В этот раз, явившись к Чуньюй Баоцэ, Подтяжкин заметил кое-что необычное. Хозяин был рассеян, поглощен собственными мыслями и как будто немного нервничал, но делал вид, что всё как всегда и он просто хочет поболтать. В этот раз гендиректор застал его не за принятием ванны и не на массаже, а в кабинете со стеллажами, заполненными книгами, и с искусной работы книжным шкафом в европейском стиле, в котором были расставлены фолианты в коричневых кожаных переплетах с золотым тиснением.

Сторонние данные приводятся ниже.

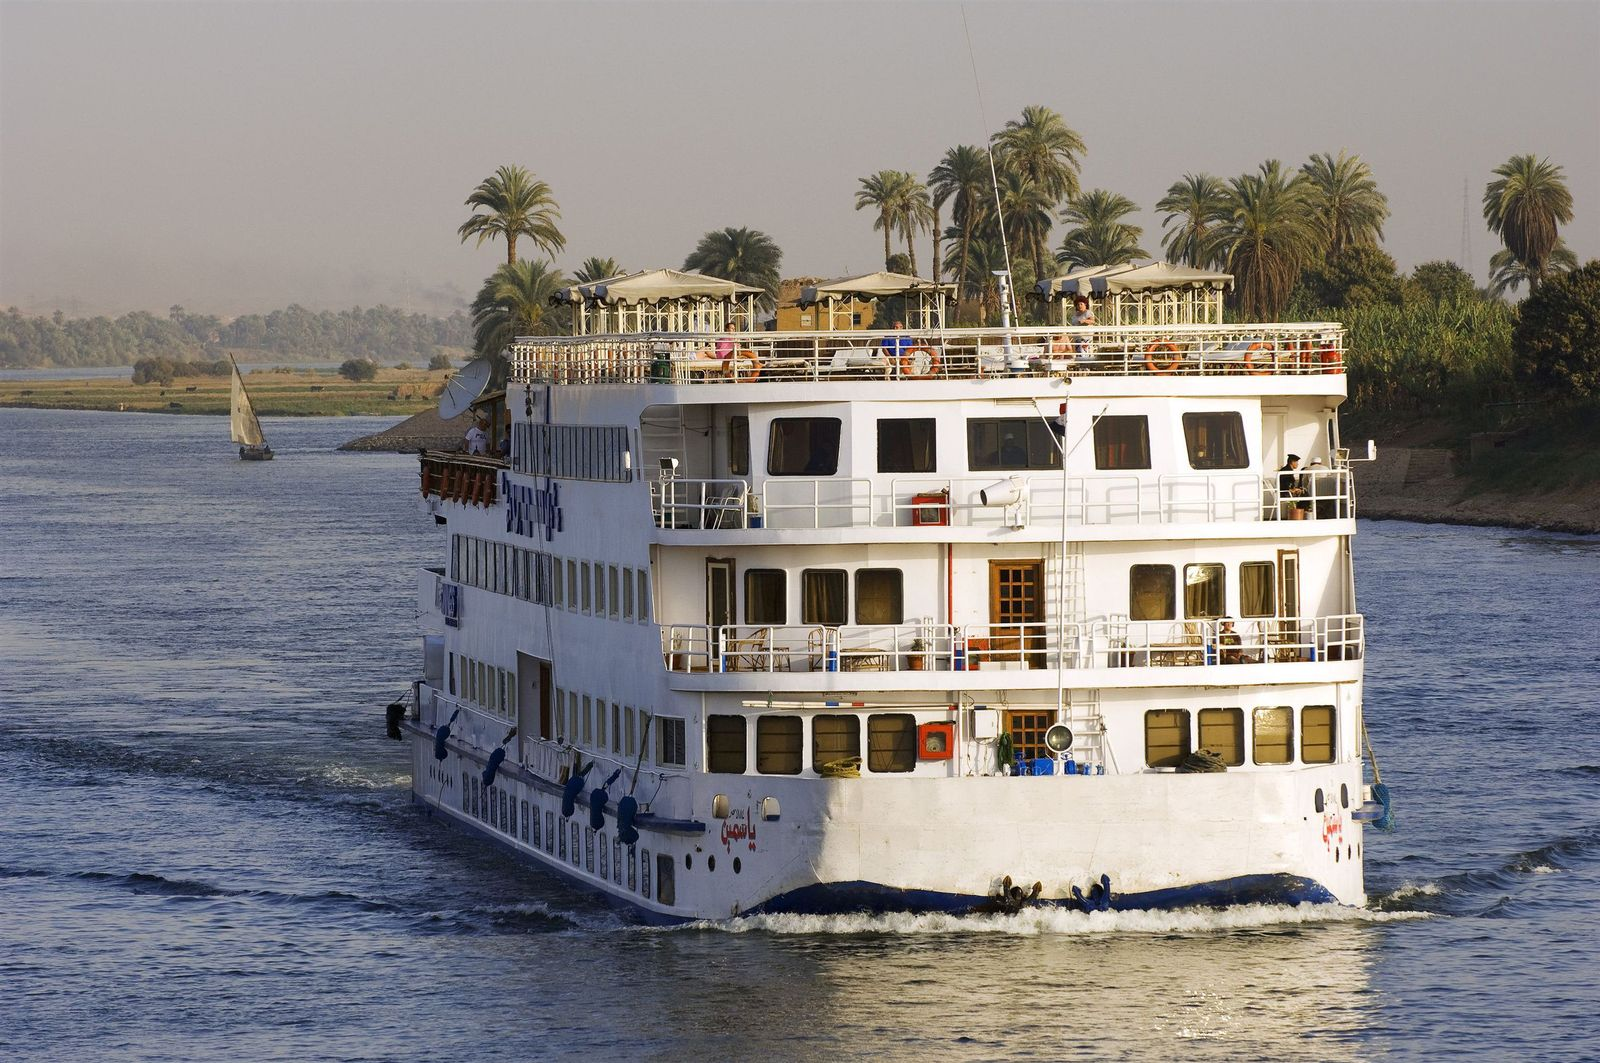 Nil / Kreuzfahrt / Fluss

Посторонний при виде этих книг сильно удивился бы, поскольку на каждом корешке было напечатано: Чуньюй Баоцэ. А рядом был и сам великий автор: вьющиеся волосы, направленные слегка вовнутрь зубы, возраст чуть меньше шестидесяти, скорбное выражение лица. Подтяжкин отлично знал происхождение этих книг: хозяин, пребывая в добром настроении, увлеченно рассказывал о том о сем, сидевшая рядом стенографистка, шурша ручкой по бумаге, всё записывала, а затем передавала в секретариат, подкидывая работенку тамошнему начальнику по прозвищу Колодкин. Секретариат распределял все записи по категориям: «Учения», «События», «Размышления», – и дополнял, превращая в объемные сочинения. Поначалу Подтяжкин никак не мог понять, что означает прозвище «Колодкин», а когда понял, восхитился, насколько оно удачно подобрано: если собрать огромное нагромождение текстов в толстенный том, то, конечно же, получалась недюжинная колода! Он в полной мере познал ораторский талант хозяина. Хоть обычно тот был ленив, вял и немногословен, в хорошем настроении он прямо-таки разливался словесной рекой. Конечно, когда он злился, то становился еще более красноречив, но даже ругался не так, как другие: то изумлял книжными оборотами, то применял устрашающе грубые ругательства. Он был человеком невероятно начитанным, мог экспромтом цитировать книги и шокировать непристойными выражениями. В моменты воодушевления он начинал нести такую чепуху, что окружающие рты раскрывали от изумления. К примеру, однажды на Новый год он пошутил, что в корпорации нужно устроить соревнования «кто лучше пускает газы» и хорошенько наградить победителя. Больше всего Подтяжкин любил беседовать возле джакузи: они с хозяином усаживались на раскладные стульчики, пили чай или вино и чувствовали себя раскованно. В хорошем настроении хозяин, бывало, отпускал шуточки в адрес большого пуза Подтяжкина, добавляя, что оно, наверное, мешает любовным утехам.
– Ты хоть и приходишься мне внуком, но давай без церемоний, поговорим о деле.
Это была его коронная фраза. Подтяжкин поджал губы и сделал серьезное лицо, потому что обнаженные зубы могли быть восприняты как «коварная ухмылка».
– Терпеть не могу людей с коварными ухмылками; большинство предпринимателей – обманщики, – хозяин постучал безымянным пальцем по столу. – Я размышлял о том, что пора затеять новый проект. Посещала ли тебя, уважаемый, подобная мысль?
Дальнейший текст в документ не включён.